1865. January 19. Before the Lord Chancellor Lord WESTBURY.

A trust-deed for the benefit of creditors intended to be executed by debtors in business together as copartners, and to be brought within the provisions of the Bankruptcy Act, 1861, § 192, is properly framed when its terms embrace all possible estate and property which not only does but also may or might belong to the partners jointly or to either of them separately. The non-existence in point of fact of any separate estate of either debtor is no objection to the validity under the Bankruptcy Act, 1861, § 192, of a trustdeed so framed, even as against a non-assentient separate creditor. Semble, that in computing the statutory majority of assenting creditors to a deed under the Bankruptcy Act, 1861, § 192, executed by debtors in trade in copartnership, the separate creditors are not to be consulted separately in respect of the separate estate, but that the whole body of the creditors is to deliberate and decide together, and that separate creditors might constitute a majority even if there were no separate estate.

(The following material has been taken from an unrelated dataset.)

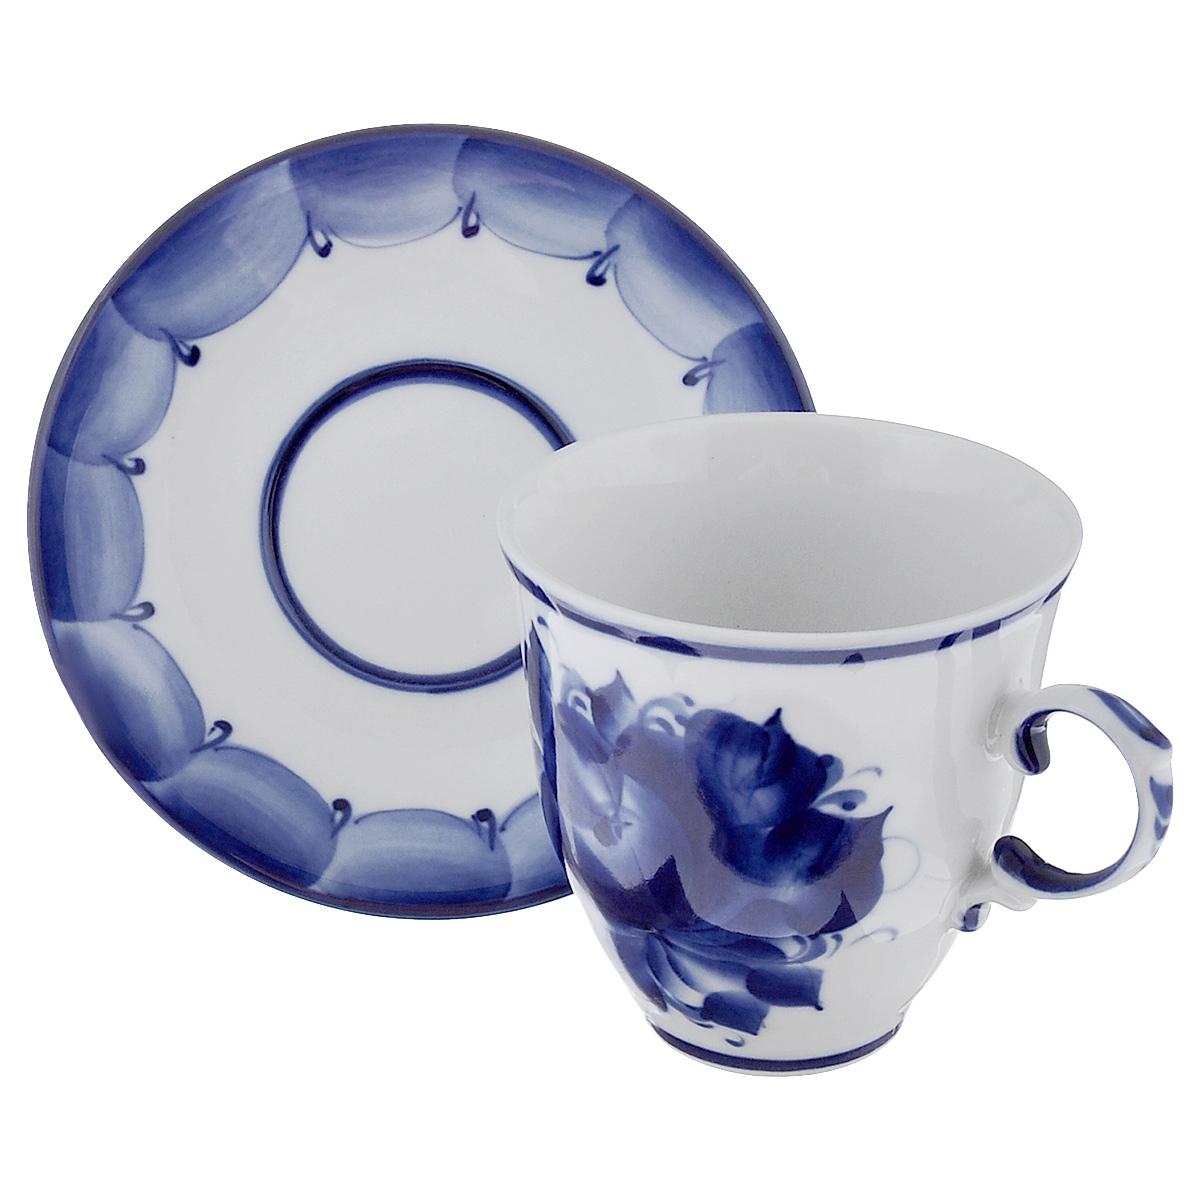 Чайная пара Чародейка, цвет: белый, синий, 2 предмета115510Чайная пара Чародейка выполнена из высококачественной керамики, состоит из чашки и блюдца оформленных гжельской росписью. Яркий дизайн, несомненно, придется вам по вкусу.Чайная пара Чародейка украсит ваш кухонный стол, а также станет замечательным подарком к любому празднику.Гжель - один из традиционных российских центров производства керамики и известный народный художественный промысел России. Производят изделия в Московской области, в обширном районе из 27 деревень, называемых Гжельский куст. Профессиональные мастера сохраняют традиции росписи и создают истинные шедевры. Ей характерна изящная роспись в синих тонах на белом фоне. Традиционными считаются изображения птиц, цветов и узоров. Обращаем ваше внимание, что роспись на изделие сделана вручную. Рисунок может немного отличаться от изображения на фотографии.Объем чашки: 250 мл.Диаметр чашки по верхнему краю: 9 см.Диаметр дна чашки: 4,5 см.Высота чашки: 9 см.Диаметр блюдца: 14,5 см.

THIS was an appeal on the part of the bankrupt and Messrs. Littledale and Grey, who were the trustees of a trust-deed which had been executed by him and his partner William Thomson, from the refusal of Mr. Commissioner PERRY to stay all proceedings under the petition for adjudication, and to dismiss the petition.

On the 5th of November, 1864, William Thomson and the bankrupt as partners executed a deed of that date, which was expressed

(a) See Ex parte Dobson, supra, p. 229.